The other women there did not cut her dead once the business part of the evening was over. But they would ask her if she had any word of her husband and then move quickly away. Only Miss Simms pulled up a chair next to Agatha and said, “Wouldn’t you feel better doing something at the fête, dearie? I mean, we need someone for the tombola. Take your mind off things.”

“The way I feel at the moment,” said Agatha, “a village fête would be incapable of taking my mind off things.”

Miss Simms tugged ineffectively at her short skirt, which was riding up over her lace-topped stockings. “Anything I can do to help?”

“I keep trying to find out what sort of person Melissa Sheppard really was.”
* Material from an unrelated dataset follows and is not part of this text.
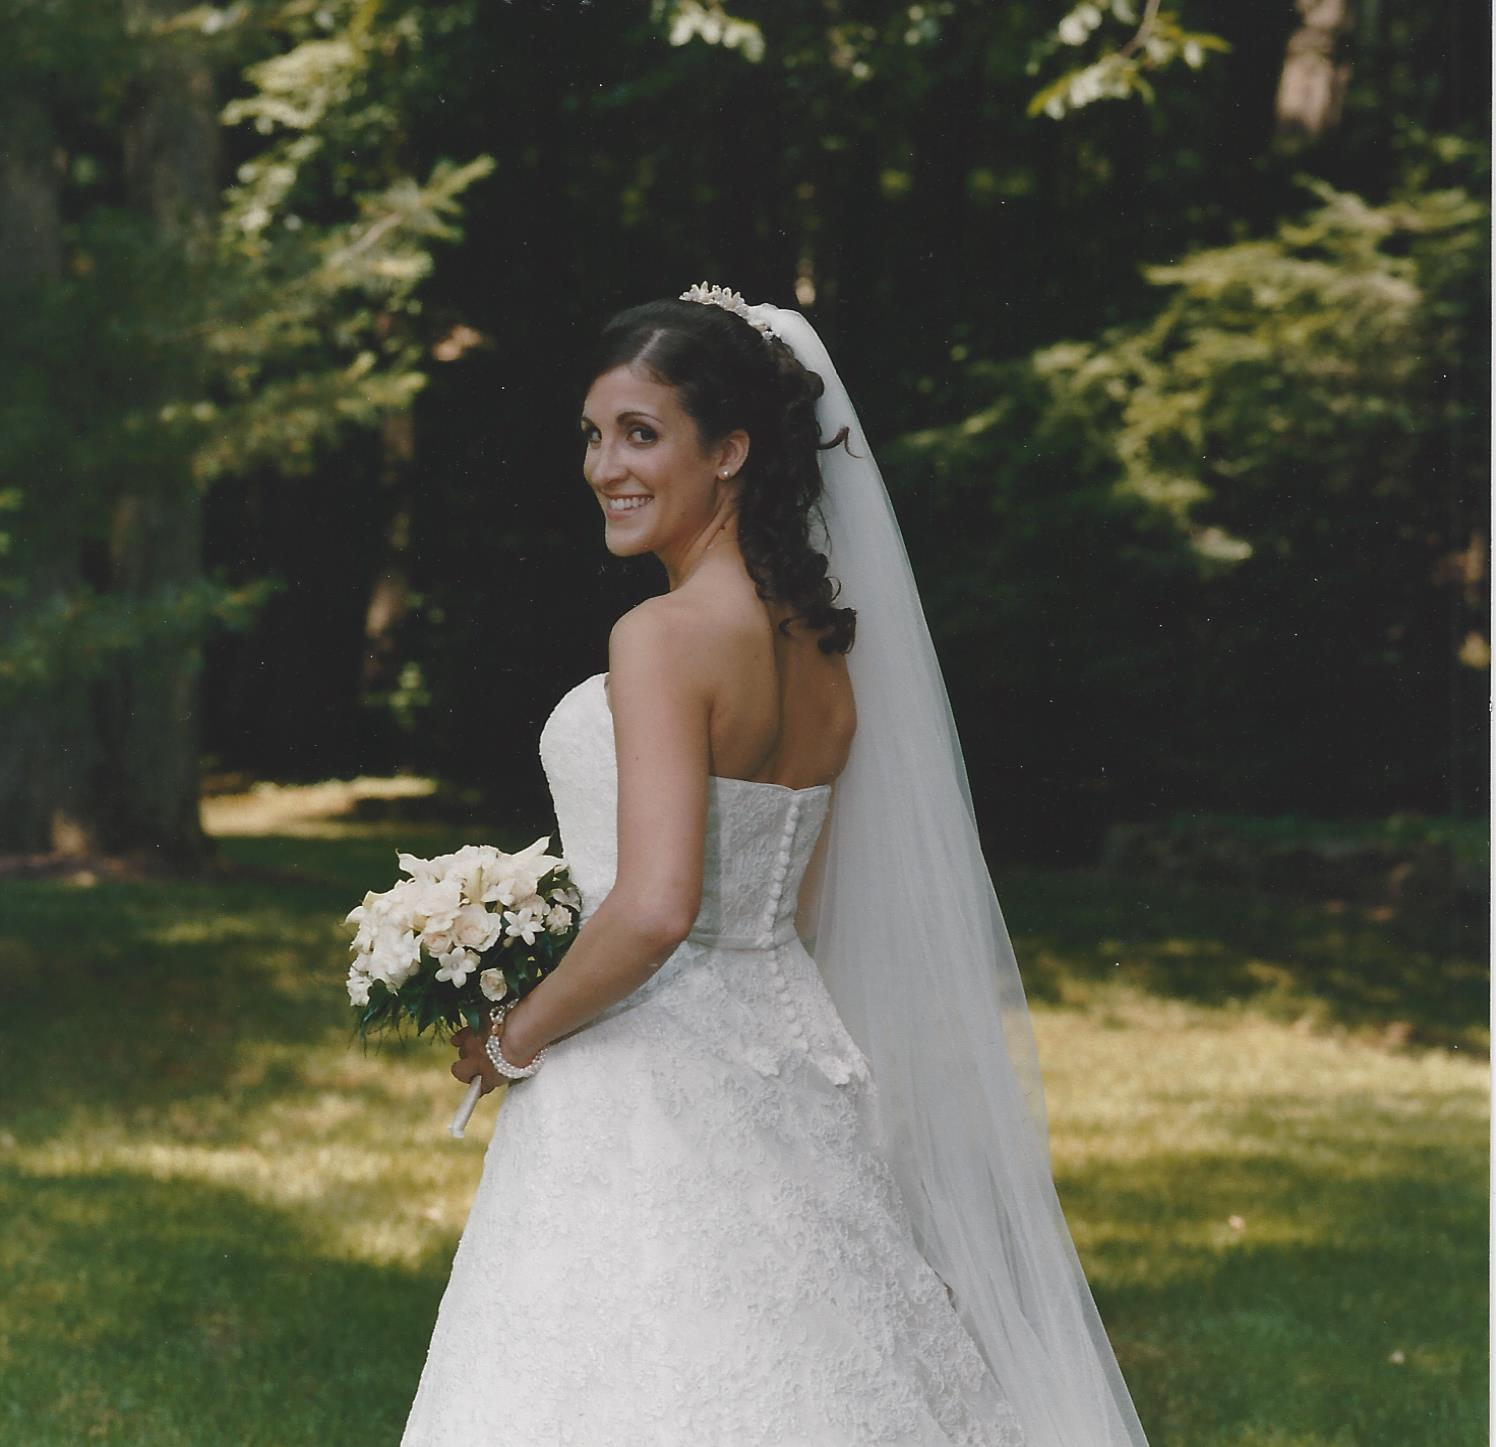 Amy Nazarko Wax Flowers 4.jpg

“Bit of a tart, if you ask me.”

“How come?”

“Went up to London with her a couple of months ago. I don’t have a gentleman friend at the moment, and she says there’s this singles’ bar with good talent and why don’t I come along. So I did. Well, it was really rough stuff, if you get me. I like my gents in suits and with their own car. We get tied up with three bikers, all leather and medallions, and Melissa, she says, “We’re all going back to Jake’s place,” Jake being one of the blokes. I take her aside and say, “What you on about, Liss? They’re a bit common and there’s three of them.” She’d drunk a bucketful, pretty quick, and she says, says she, “The more the merrier.” So I got the hell out of there and had to find me way to Paddington and pay for me fare home, ‘cos we’d come up in her car. I asked her later how she’d got on, and she says, “Okay, and I didn’t take you to be a Miss Prim,” so I never spoke to her again.”

At last I’m getting somewhere, thought Agatha. “I’d like to speak to those bikers,” she said. “Would you like to go to London with me and spot them for me? Did they seem like regulars?”
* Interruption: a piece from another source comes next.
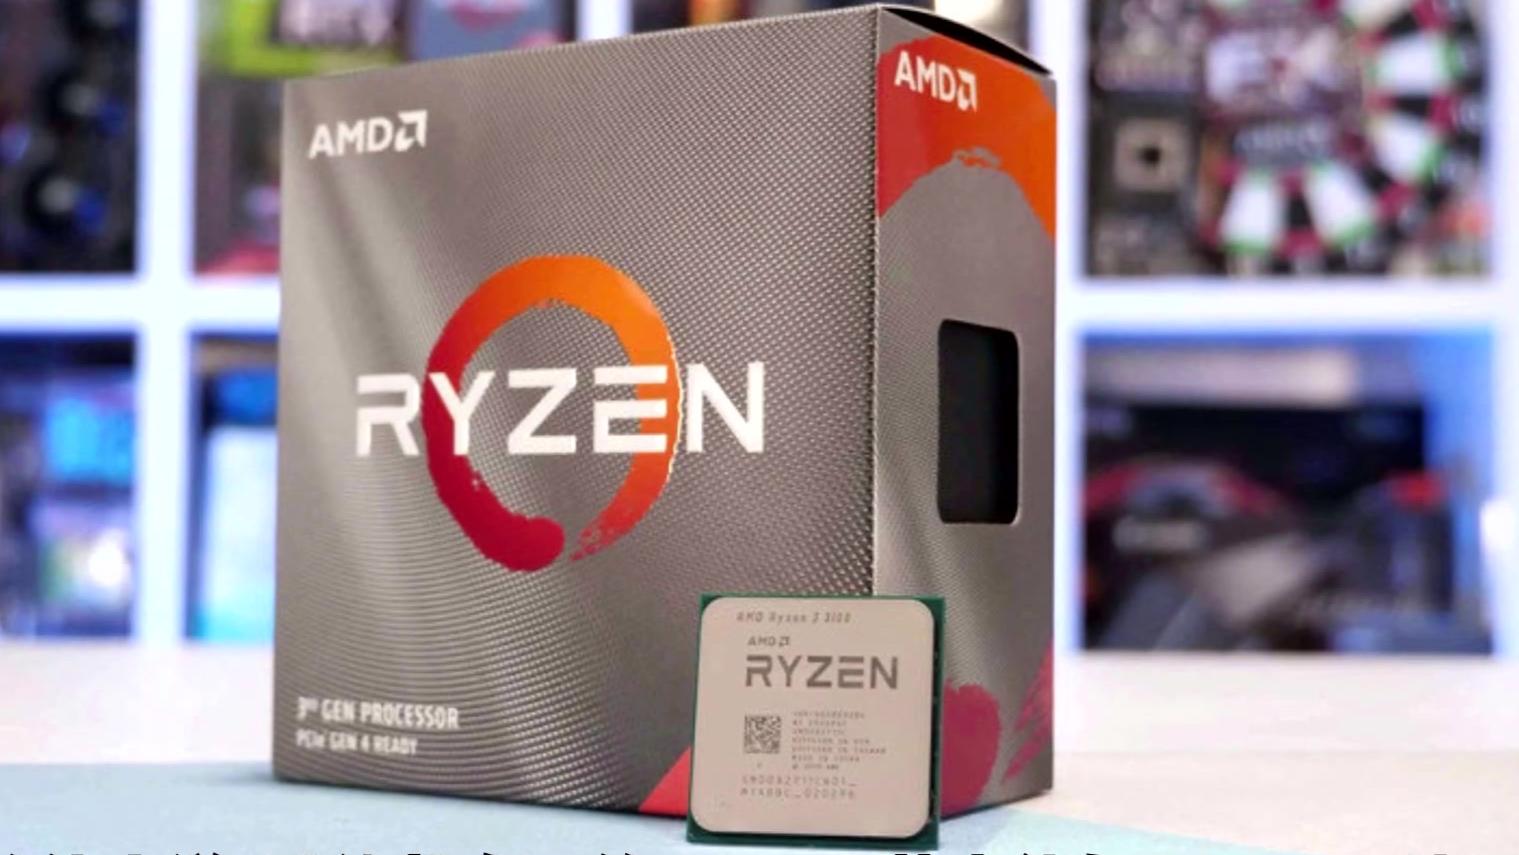 合理利用AMD Ryzen3 3100搭配3500-4000元高性价比主机

Miss Simms looked at her doubtfully from under a pair of improbably false eyelashes. “They did seem to be regulars, but…”

“Don’t worry,” said Agatha. “I’ll pay for everything, even for your baby-sitter, and I’m not looking for a fellow.”

“Right. You’re on.”

“What time did you turn up there before?”

“Bout nine in the evening.”

“Right. We leave about seven. Should make it in good time. The rush-hour traffic should be thinning out by then.”

Shortly after Agatha got home, the phone rang. It was Charles. “How’s it going?” he asked.

Agatha, glad that he had not abandoned her after all, felt relieved and told him about the singles’ bar.

“I’ll come with you.”

“Okay,” said Agatha after a little hesitation. “It’s a bit rough, so don’t look too posh.”

He laughed. “As if I could.”

And he really believes that, thought Agatha. How odd.